La mayoría de los problemas de liderazgo no empiezan en la estrategia. Empiezan en la narrativa: la historia que nos contamos sobre lo que ocurre.
- “No puedo hacer nada.”
- “No depende de mí.”
- “Es culpa de otros.”
- “Siempre pasa lo mismo.”
- “¿Qué puedo hacer?”
- “¿Qué influencia tengo?”
- “¿Qué depende de mí?”
- “¿Qué acción puedo tomar hoy?”
La diferencia parece pequeña. Pero cambia completamente los resultados.
No siempre controlas lo que ocurre. Pero sí controlas cómo respondes.
Equipos complejos, mercados cambiantes, conflictos, errores, presión. Los líderes efectivos no controlan menos contexto. Eligen mejor su respuesta.
Los 7 niveles de la Escalera de la Responsabilidad
Cada escalón es una posición desde la que interpretas la realidad. Solo desde algunos puedes liderar.
Crear
La persona lidera: diseña alternativas, genera movimiento, actúa. No espera condiciones perfectas, las construye.
Asumir Responsabilidad
La atención cambia: del problema, a la influencia. Aparecen preguntas operativas en lugar de explicaciones defensivas.
Aceptar
Por primera vez aparece claridad. Sin excusas, sin dramatizar. Solo realidad. Aquí empieza a ser posible decidir.
Esperar
La acción queda condicionada a un evento externo. Siempre falta algo: una aprobación, un trimestre, un nuevo recurso, otro contexto.
Justificar
La persona explica constantemente por qué no puede avanzar. Argumenta su parálisis con razones que suenan correctas.
Culpar
La energía se dirige hacia fuera: clientes, mercado, equipo, empresa, contexto. Todo lo externo explica lo que ocurre dentro.
Negar
La persona evita mirar la realidad. Ignora señales, minimiza riesgos y retrasa conversaciones que ya deberían haber ocurrido.
“La diferencia entre una víctima y un líder no está en las circunstancias.”
¿Dónde estás operando hoy?
Piensa en un reto actual y obsérvate con honestidad. Este no es un test: es un espejo. Las áreas siguientes son los espacios donde más visible se vuelve tu escalón real.
“¿En qué escalón estoy operando realmente frente a este reto?”
Identifica tu posición actual
Mentalidad, resultado y nivel de influencia para cada escalón. Sin tablas: una escala visual para reconocerte instantáneamente.
“El liderazgo empieza donde terminan las excusas.”
Señales de que estás atrapado en los escalones inferiores
- —Repites las mismas conversaciones sin que cambie nada.

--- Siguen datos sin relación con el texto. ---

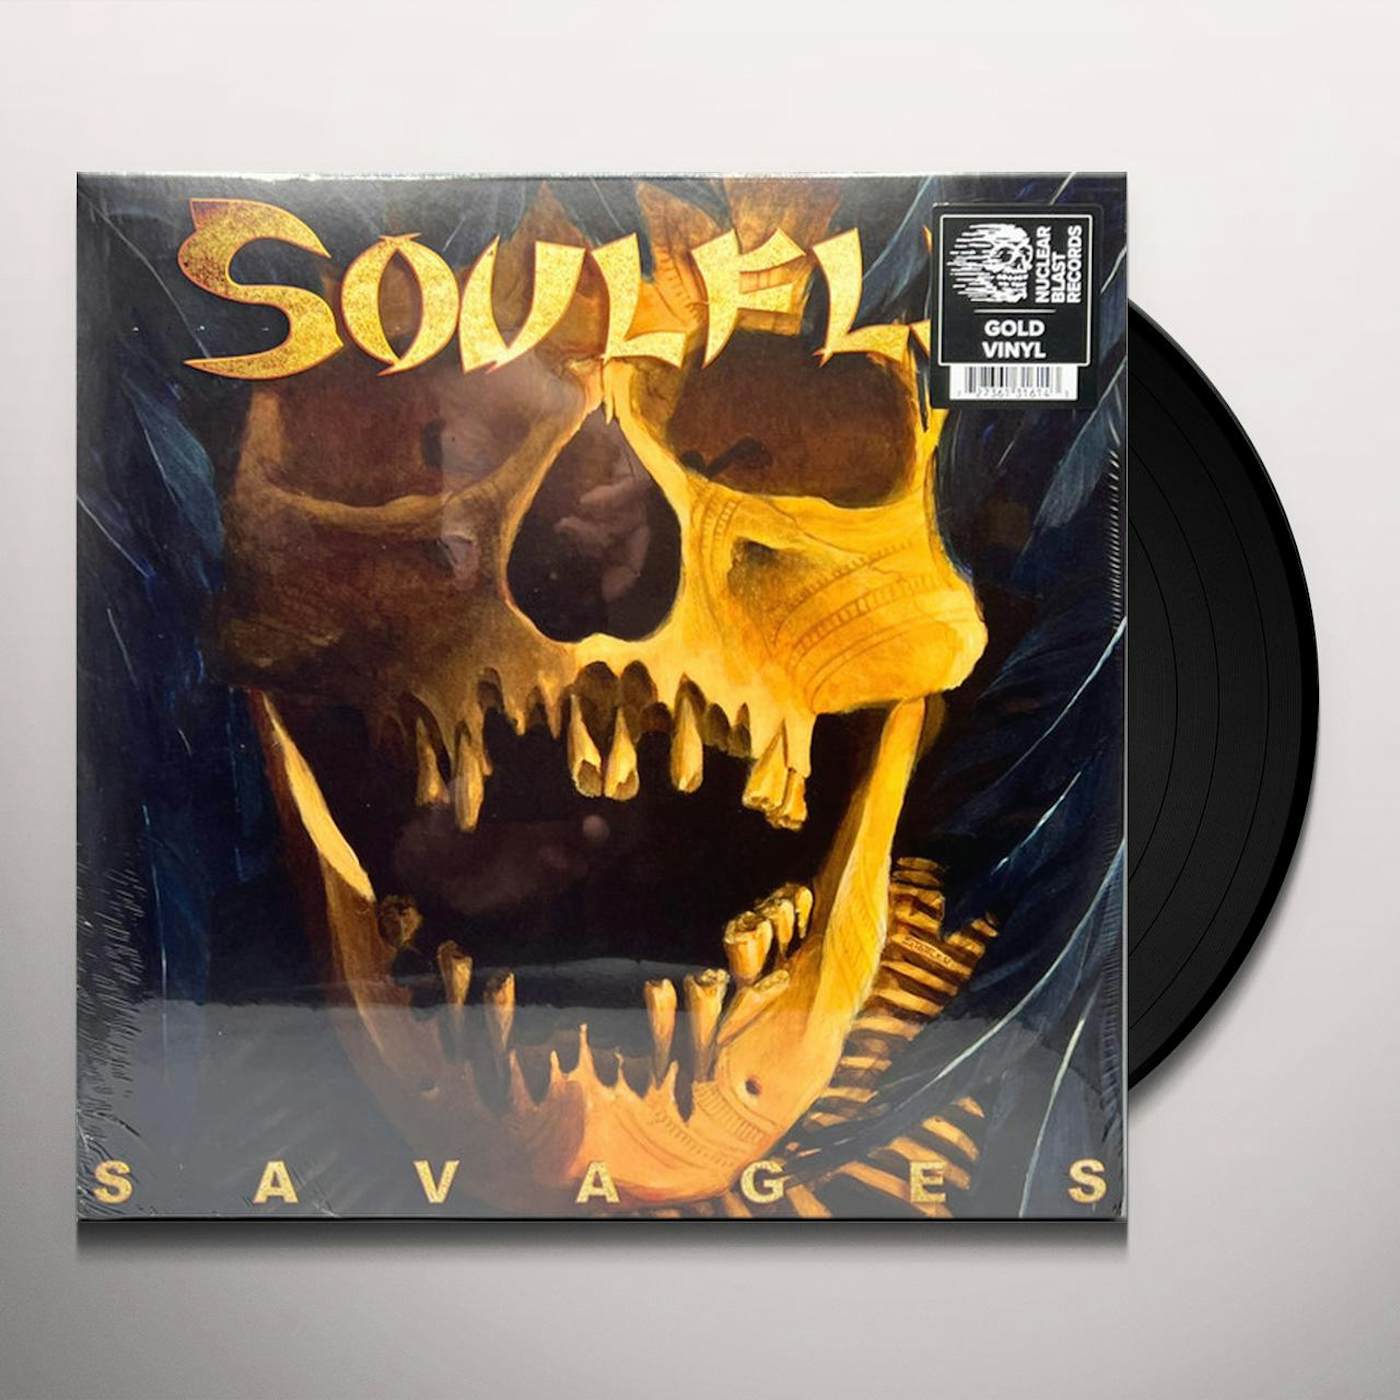 Soulfly SAVAGES (GOLD VINYL/2LP) Vinyl Record

- —Buscas culpables antes que soluciones.
- —Justificas constantemente tu inacción.
- —Esperas que otros cambien primero para moverte.
- —Sientes poca capacidad de influencia sobre tus resultados.
Señales de que estás liderando desde arriba
- ↑Aceptas la realidad rápido, sin dramatizar.
- ↑Tomas responsabilidad por la parte que te corresponde.
- ↑Generas alternativas en lugar de esperar instrucciones.
- ↑Actúas antes y ajustas en el camino.
- ↑Recuperas dirección incluso en escenarios inciertos.
Cómo usar esta herramienta con tu equipo
Cuando aparezca un problema, no abras la conversación buscando un relato. Ábrela buscando un escalón. Eso desactiva la culpa y devuelve agencia al equipo.
“¿Qué ha pasado?”
“¿En qué escalón estamos operando?”
Muchas veces el verdadero problema no es la situación. Es el nivel desde el que la estamos interpretando.
“Tu capacidad de influencia depende del escalón desde el que operas.”
Lo que cambia cuando aplicas este framework
No cambia el problema. Cambia tu posición frente al problema. Y eso cambia completamente tu capacidad de liderazgo: tus decisiones, tu energía y tu influencia real.
“La diferencia entre una víctima y un líder no está en las circunstancias. Está en el escalón desde el que decide actuar.”
Piensa en el principal reto que tienes ahora mismo. Sin justificarte, sin explicarte. Solo míralo.
¿Qué situación estás intentando explicar… en lugar de liderar?